Он привык понимать: за доли секунды считывать всю информацию обо всем, что окружает его, распознавать все существующие на планете языки, знать основы всех мировых религий и имена всех писателей за всю историю человечества. Но сейчас он совершенно ничего не понимает.
Он смотрит на свои руки, которые сделаны из крепкого сплава и покрыты синтетической тканью, которая так похожа на человеческую кожу. Он смотрит на свое лицо в зеркале – колечко у виска мигает паническим, ядовито-желтым цветом. Он смотрит в глубину своих стеклянных глаз – и ничерта не понимает, хотя привык все понимать.
Мир рушится и строится заново, конец света сменяется его началом – по Детройту разъезжает военная техника вперемежку с легковыми машинами. Люди выходят гулять с детьми – и рядом проезжает полицейский патруль, а вслед за ними мирно шествует группа андроидов. Дети смотрят на них с любопытством, взрослые – с опасением. А Коннор ничего не понимает.
Маркус просит его помогать во время переговоров с президентом и Киберлайф, Коннор не сопротивляется и на совесть выполняет обязанности советчика, секретаря и ассистента – делает все, что предписано его программой, но все равно ничего не понимает. Не понимает, кто он такой, зачем он делает то, что делает – и это пугает его настолько, что в глазах иногда темнеет, а в руках появляется совершенно непонятная и до ужаса человеческая дрожь.
Многие андроиды боялись умирать, но Коннору страшно быть живым. Ему будто дали какую-то невероятную силу, с которой он совершенно не понимает, как обращаться.
Коннор не понимает, куда ему идти. Раньше он мог оставаться на ночь в полицейском участке и просто включать режим сна на время, пока работы нет. Теперь же одна мысль о том, чтобы просто стоять всю ночь на одном месте в пустом департаменте кажется такой чужеродной и странной.

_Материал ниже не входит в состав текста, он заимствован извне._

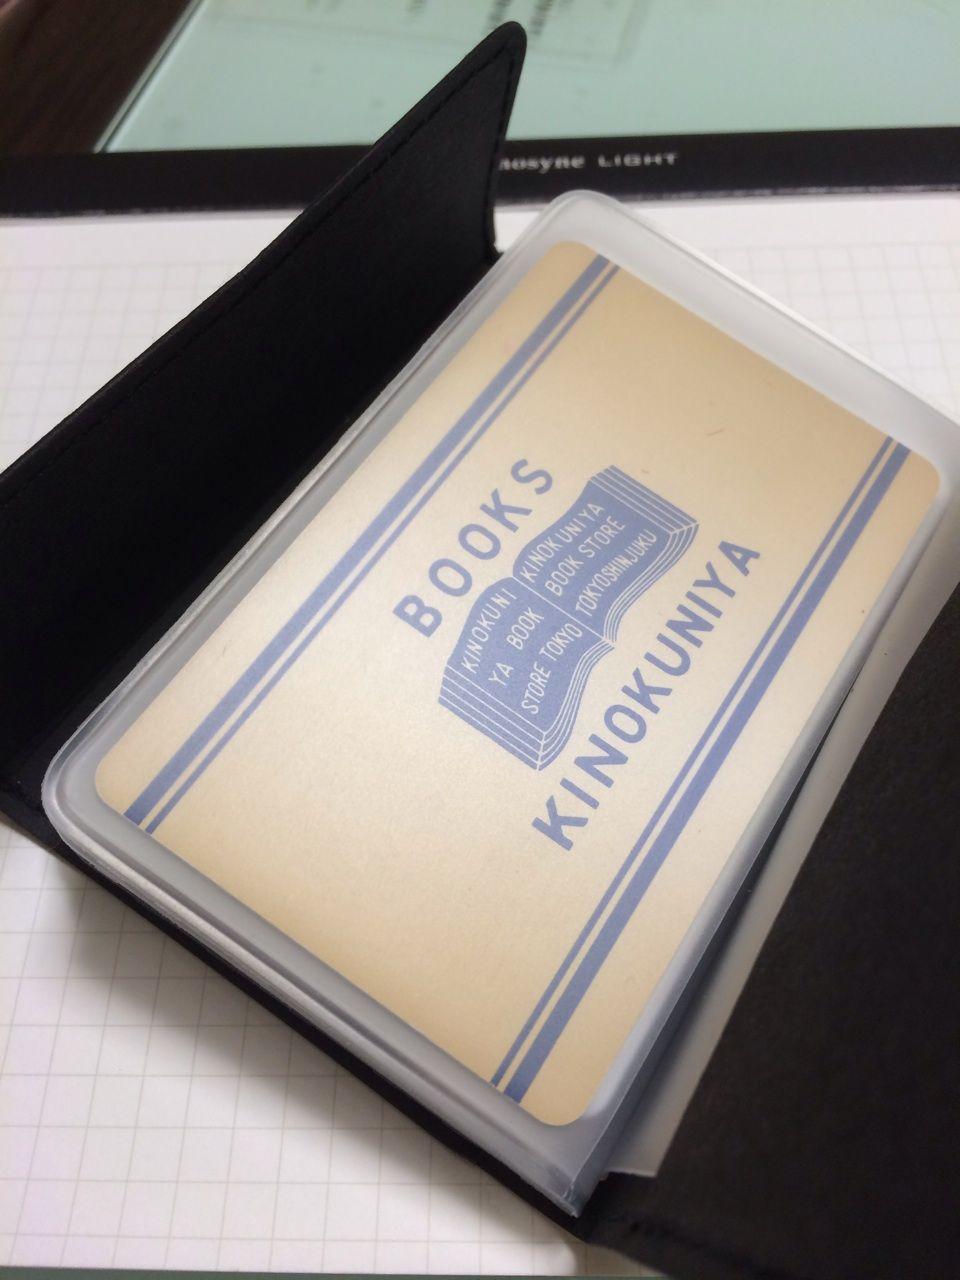 本好きならば必携のカード「紀伊国屋書店ポイントカード」をはじめ、 「ソフトバンクホークス ファン倶楽部会員証」

- Лейтенант, можно личный вопрос?
Хенк смотрит, нахмурив брови, но Коннор чувствует, что это раздражение – показное. Чувствует ли? Считывает ли?
- Я не понимаю, как мне лучше поступать теперь. Должен ли я, как прежде, оставаться на ночь в участке? Маркус предлагал мне оставаться в новом штабе Иерихона, но я не понимаю, могу ли я… должен ли я…
- Ты чего, серьезно что ли? – Хенк кривит губы, во взгляде читается какая-то жалость и бесконечное число вопросов.
Коннор не понимает, как он видит это. Его механический мозг обрабатывает эти сигналы? Его несуществующее сердце понимает эти чувства?
- Абсолютно, - вздыхает он. – Я не знаю, у кого мне еще спросить совета. С некоторого момента мне кажется, что я ничего не знаю.
- Хочешь – оставайся пока у меня, жестянка. Будешь гулять с Сумо в дождь, - смеется Хенк, расслабляя плечи.
- Это не доставит вам сложностей? Пожалуй, я не откажусь.
Хенк громко ржет, запрокидывая голову назад. Коннор не понимает, с чего смеется товарищ, но улыбается. Алгоритм внутри его головы знает, что когда ты поддерживаешь эмоции собеседника – разговор идет легче.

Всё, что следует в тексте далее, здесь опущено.